Next Mac OS: Learning from iPhone?

ByABC News
February 6, 2009, 2:08 PM

— -- Some of the clever and unique functions of the iPhone -- such as being location-aware and supporting multitouch -- may make their way to Snow Leopard, the next version of Apple's OS X. The new OS will reportedly take a page out of the iPhone SDK and support the Core Location service on Macs. Also, multitouch capabilities will be accessible to third-party developers, according to Apple Insider.

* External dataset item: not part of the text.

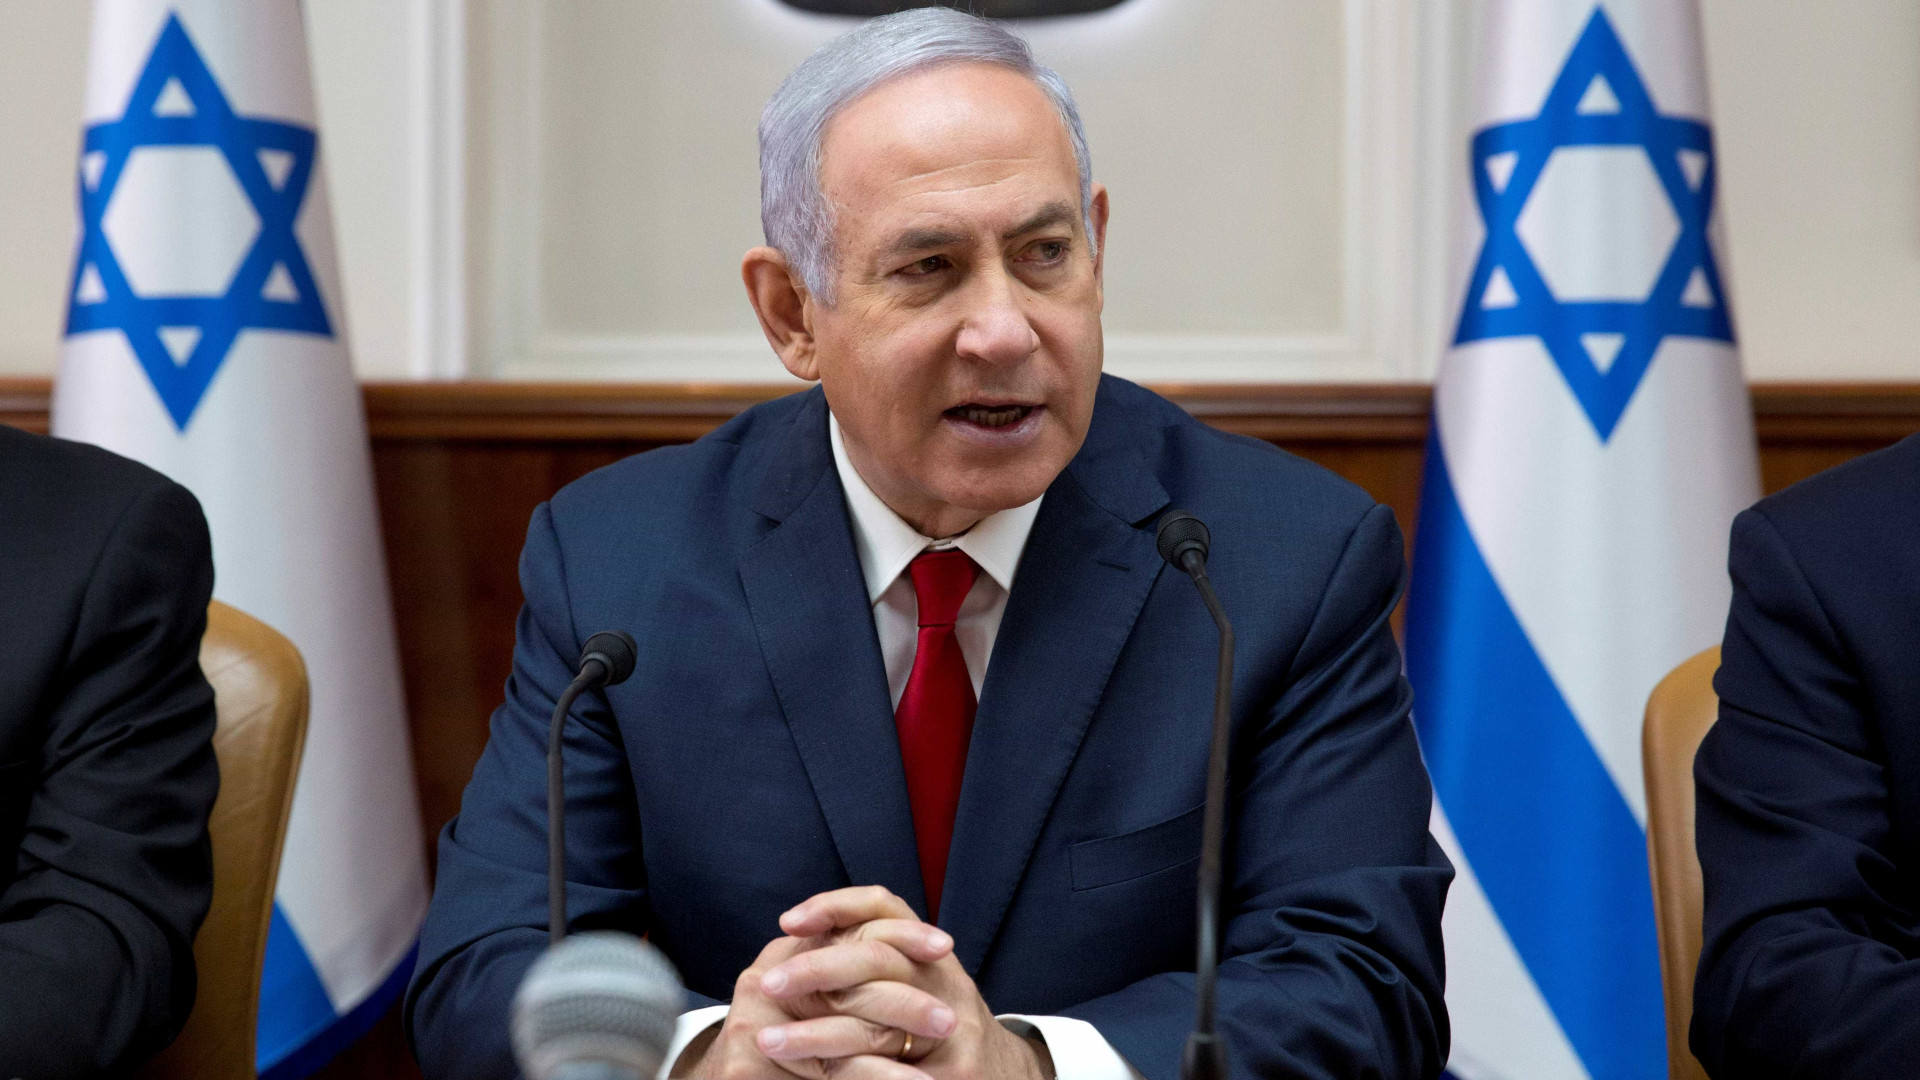 Netanyahu é indiciado por corrupção, fraude e abuso de confiança

Since Macs are not 3G capable -- not yet, anyway -- Core Location on Apple's computer line would use latitude and longitude coordinates instead of GPS to display a device's location. But does Core Location for Mac mean a Core Location Blacklist like the one on the iPhone is coming to the desktop? The "clbl" was discovered shortly after the launch of the iPhone 3G; its discovery prompted some to wonder if this was in fact the rumored ‘kill switch' that could remotely disable iPhone applications. I'm not an engineer, but it seems to me that while a MacBook kill switch would be harder to pull off than on the iPhone, it wouldn't be impossible.

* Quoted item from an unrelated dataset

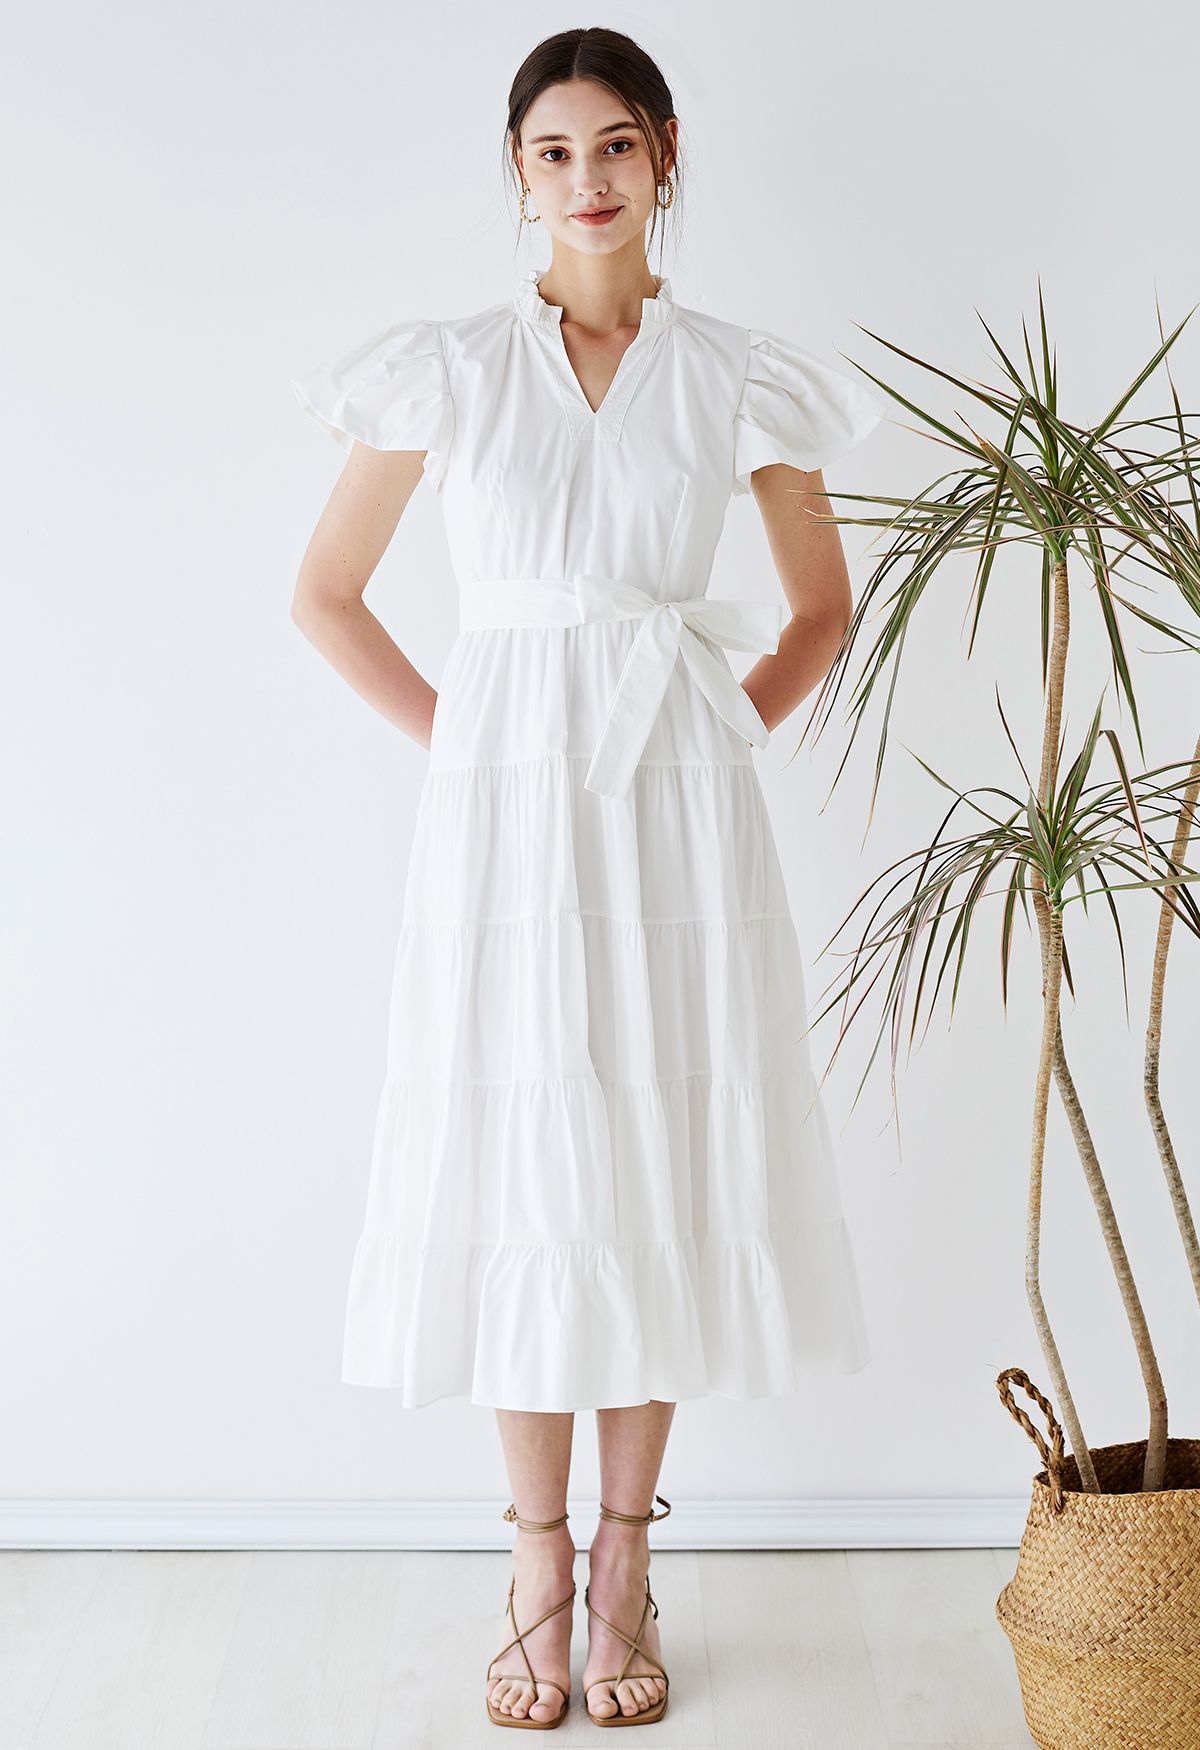 Rüschen-Baumwollkleid mit V-Ausschnitt und Flatterärmeln in Weiß

In addition to Core Location, Snow Leopard developers will reportedly be able to take advantage of the MacBook's multitouch capabilities. Apple has been big on multitouch ever since it released the iPhone, and is currently trying to trademark the term. All of the latest models of Apple's laptop line support multitouch functionality, as do the MacBook Pros of the previous generation. If you're like me, however, and have an older 13-inch MacBook with a casing that can never stay clean and a top cover that has popped off and chipped so many times that you spend more time at the Genius Bar than you do at your desk . . . well, you're out of luck when it comes to multitouch.

Snow Leopard was officially announced during Apple's 2008 Worldwide Developers Conference in San Francisco. Apple CEO Steve Jobs has said the new OS will focus primarily on performance and security.